## EXERCISE GOAL
With pictures omitted, restate the data word for word.

*** INPUT DATA Section Begins ***

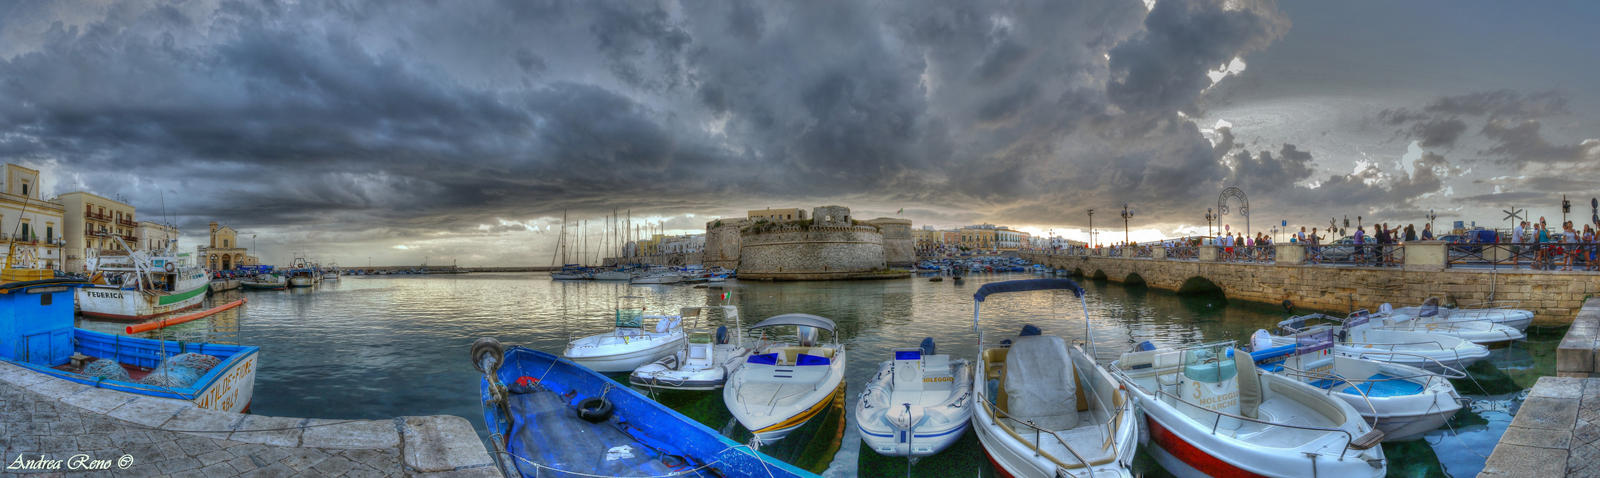 Gallipoli-Harbour
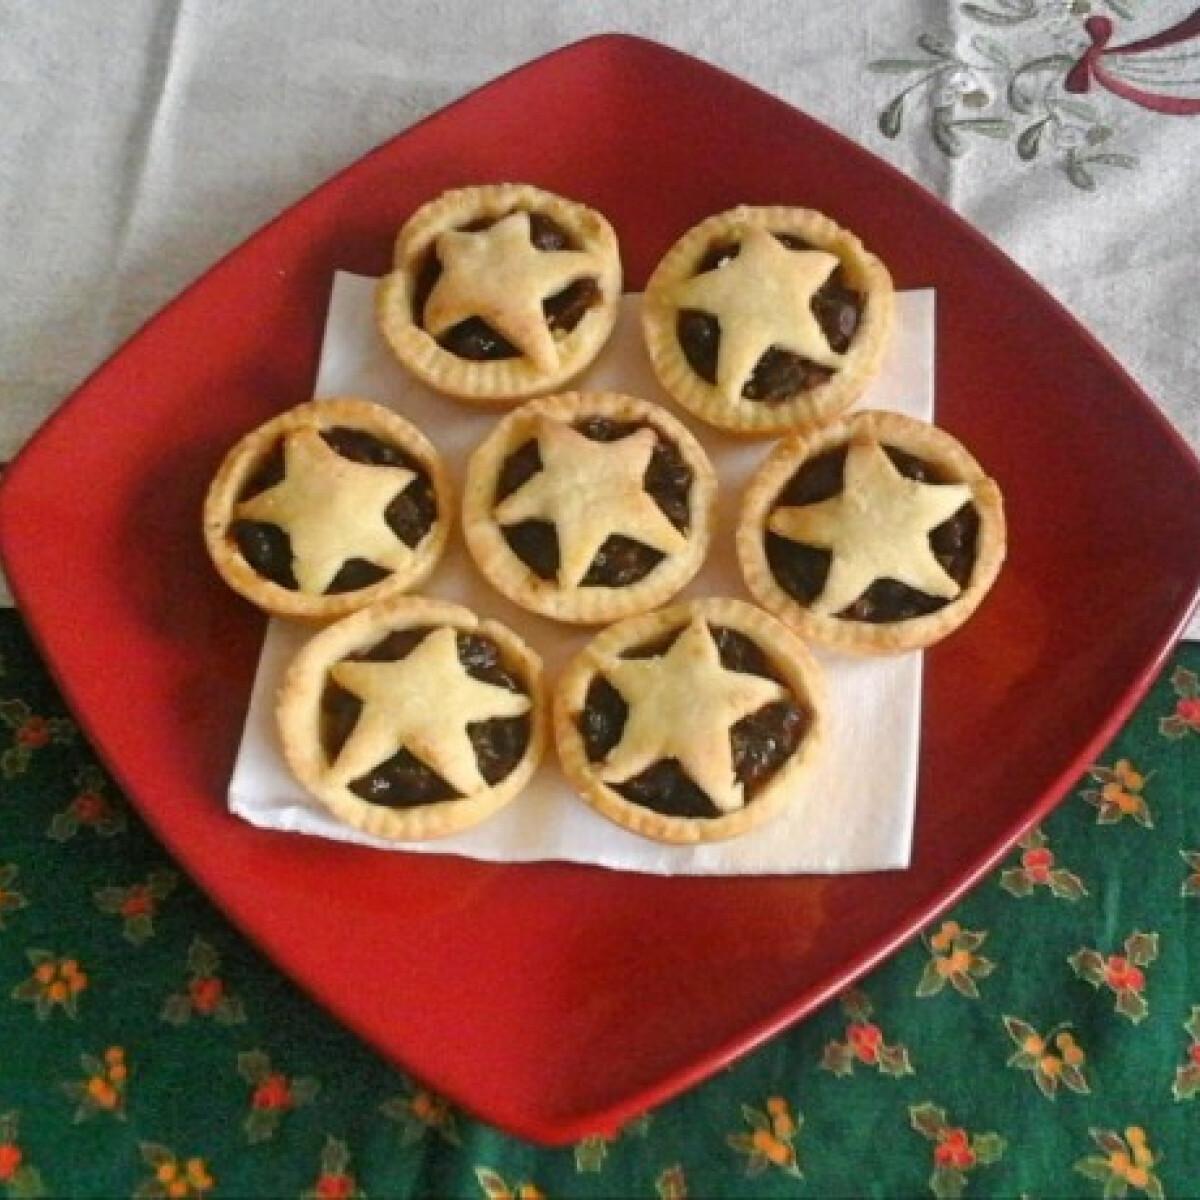 Ezen a képen: Mince pie muffin formában sütve
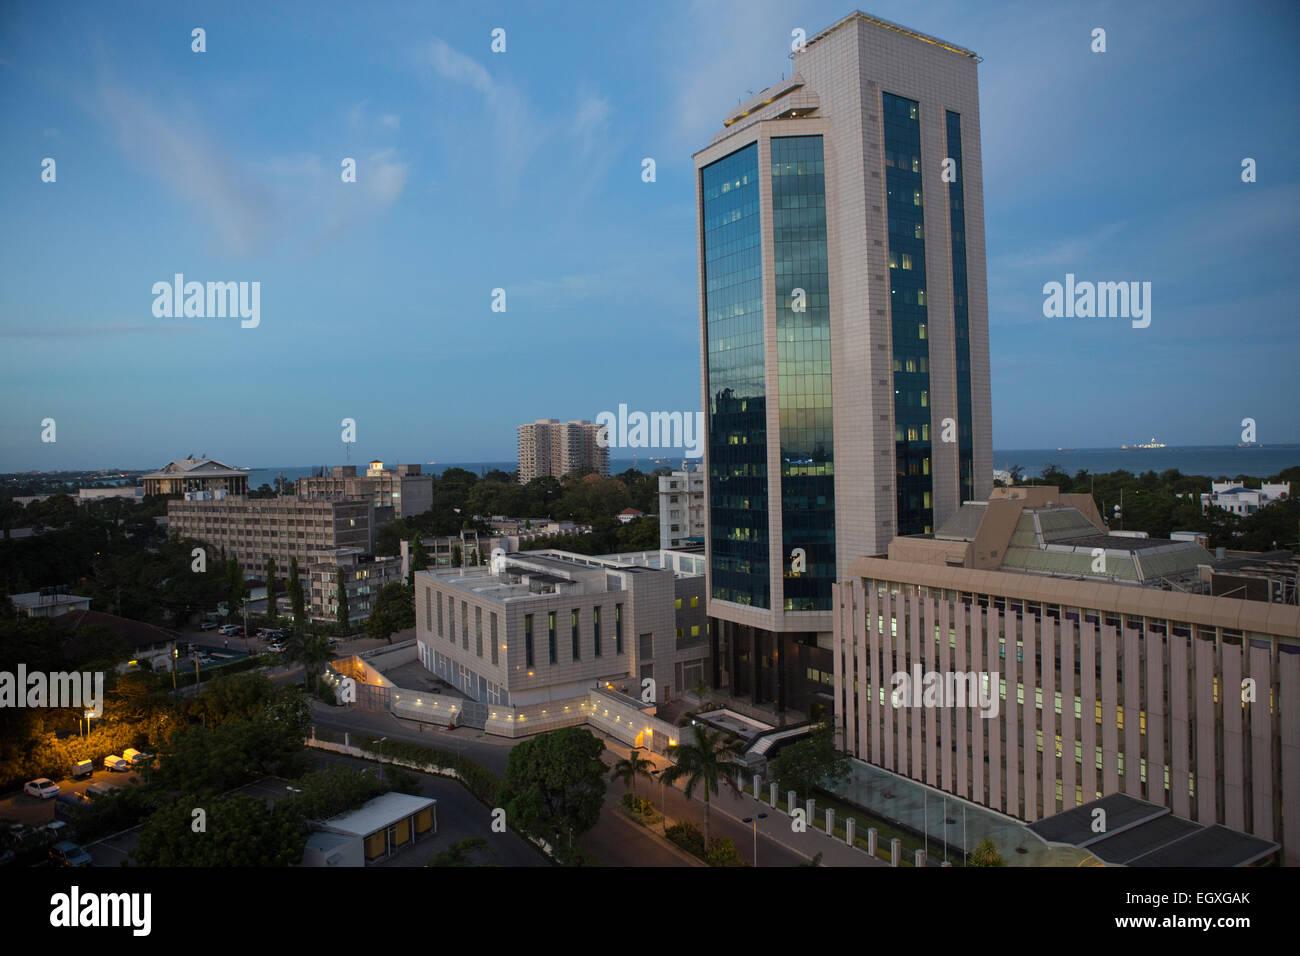 Bank of Tanzania building - Dar es Salaam, Tanzania, East Africa. - Stock Image

*** INPUT DATA Section Ends ***

## RESULT
 Gallipoli-Harbour
 Ezen a képen: Mince pie muffin formában sütve
 Bank of Tanzania building - Dar es Salaam, Tanzania, East Africa. - Stock Image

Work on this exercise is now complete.